The Art School Venue’s Contribution To Glasgow

“When it comes to The Art School, the venue’s social and cultural capital was worth its weight in gold.”

I miss The Art School. Its loss saddens me. I think I can speak for everyone involved in the SMIA when I say that to lose a grassroots music venue has a significant impact on a city’s soul, culture, community and economy. 

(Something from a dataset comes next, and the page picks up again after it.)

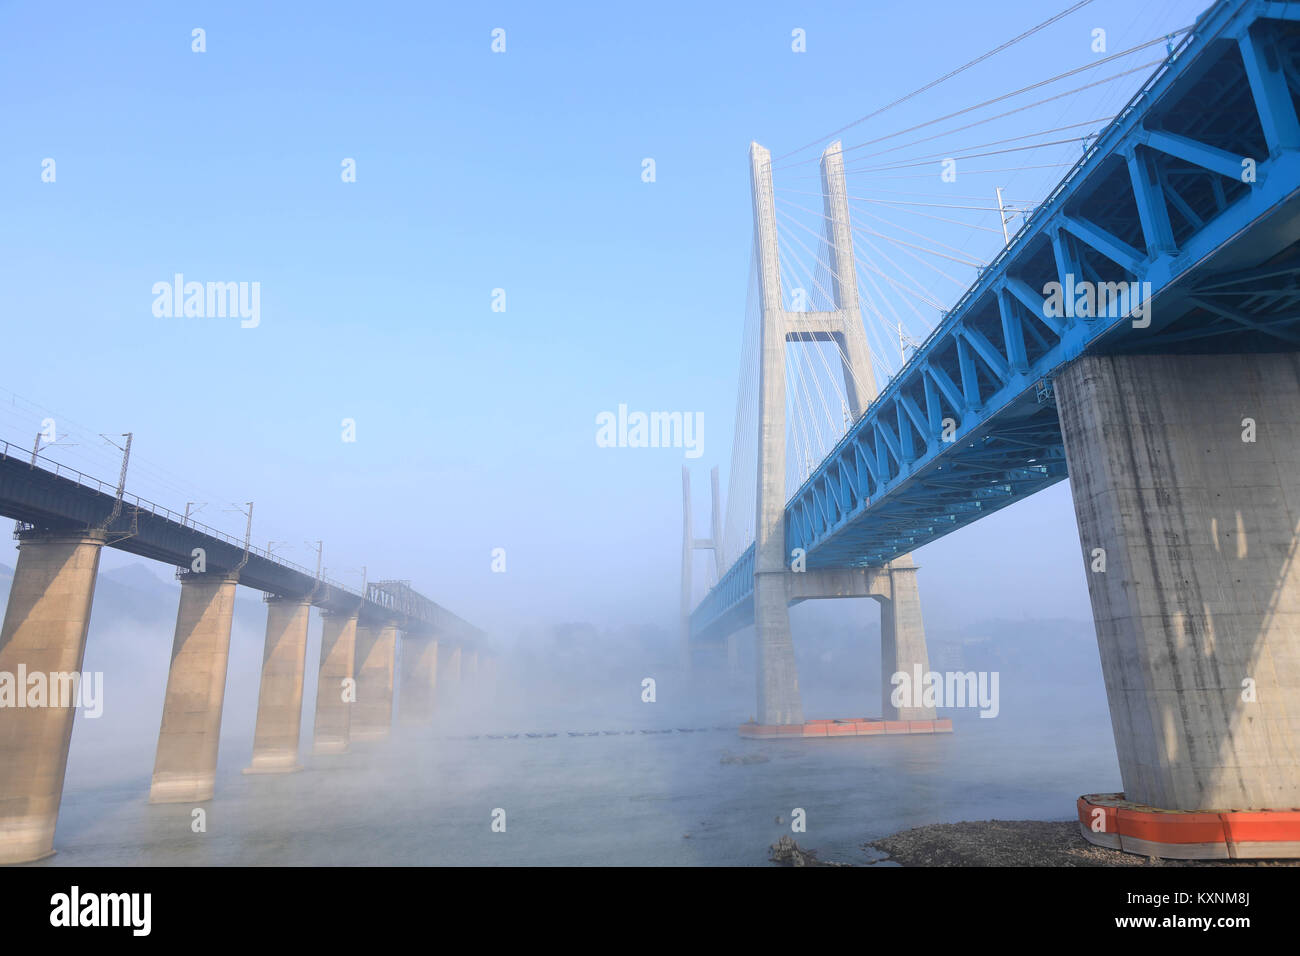 (180111) -- CHONGQING, 11 janvier 2018 (Xinhua) -- Le nouveau pont ferroviaire de la rivière Yangtze Baishatuo (R) est perçu avec l'ancien pont ferroviaire de la rivière Yangtze Baishatuo dans Jiangjin de sud-ouest de la Chine, la municipalité de Chongqing, le 9 janvier 2018. La construction du nouveau double decker à treillis en acier socle pont de chemin de fer a été terminé récemment. Il dispose de 4 pistes sur le pont supérieur pour les trains avec une vitesse de 200 mètres conçu par heure et 2 pistes sur le pont inférieur pour les trains de fret avec la vitesse conçue de 120 kilomètres par heure. La longueur totale du pont est de 5,32 kilomètres, dont Banque D'Images

How do you measure the value that a music venue contributes to a city? To answer that question it’s essential to consider the triple bottom line: that is, economic, environmental and social value. The Art School’s economic contribution is relatively easy to assess. It’s environmental impact can be measured through its carbon emissions, efforts to reduce them and positive influence on its audience in this regard. SMIA is paying particular attention to environmental responsibility this year — including what music businesses, like venues, can do. Social value is largely intangible and the hardest to measure, and harder still to equate to financial value. Which is a shame because when it comes to The Art School, the venue’s social and cultural capital was worth its weight in gold.

The Art School was one of the first music venues I visited in my first proper week living in Glasgow — Fresher’s Week at University of Glasgow (way) back in 1996. It was a great introduction to the Glasgow music scene. Tuesday;  Ministry of Sound in QMU, Wednesday; pub crawl which took in Nice N Sleazy, lots of record shopping in the day (remember Fopp and The Beat Museum, anyone?), found some flyers which lead me and my new friends to Red Cell at the Sub Club (a blast from the past for you now 40 and 50-something techno heads) and a Ninja Tune special at The Art School on Friday — my idea of heaven. 

The venue became a firm favourite very quickly. Since then I have DJed in it several times, co-promoted nights there, recorded bands, run live broadcasts from club nights through Radio Magnetic, interviewed countless DJs, producers and live acts and, most importantly, enjoyed hundreds of club nights and gigs immersing myself in everyone from Scottish Ensemble to Autechre, Jamie Liddel to Andrew Weatherall, Fara at the Celtic Connections festival club to Basic Channel. All of this, and so much more, from a student union venue.

And that’s one of the remarkable things about the venue we knew simply as The Art School. It was a student union. The university I went to, Glasgow, has two unions; as other big universities do. Both had good events programmes as did other unions I have visited to party and perform in over the years. But I’ve never experienced anything quite like The Art School. The building, the music venue, the clubs and gigs that happened there, the staff, the punters; everything about the culture of the building exuded an effortless kind of cool that transcended anything intentional and contributed more to Glasgow’s world-renowned music scene that we can ever hope to measure. When I was immersed in the underground electronic music scene in Glasgow (throughout university and my time involved in running SubCity Radio to co-founding and developing Radio Magnetic, co-promoting Kinky Afro for ten years at the Sub Club and lots of music scene development work, which lead on to what I do with SMIA now), The Art School was a keystone venue. Right up there in terms of importance with the Sub Club and The Arches, outliving the Soundhaus, Alaska and other great venues, pre-dating La Cheetah and SWG3 and countless others.

The Art School was the trading name for GSASA Ltd. which was the commercial arm of Glasgow School of Art Students Association SCIO. Ultimately it was financial challenges that forced the venue into liquidation and closure. We can learn a lot from examining what went on and considering what we can all do to help other grassroots music venues avoid the same fate. And we will address these issues as part of ongoing developmental work we are doing with music venues. But for now I just wanted to pay my respects to a venue I loved that contributed a huge amount to my favourite city’s world-famous music scene. On behalf of everyone involved in the SMIA I want to thank and recognise the contribution of everyone who worked very hard to make that venue what it was. Many of them were friends of mine. All of them were wonderful. Let’s all celebrate what The Art School achieved. We will miss it a lot.

Dougal Perman is the Executive Chair at the Scottish Music Industry Association (SMIA).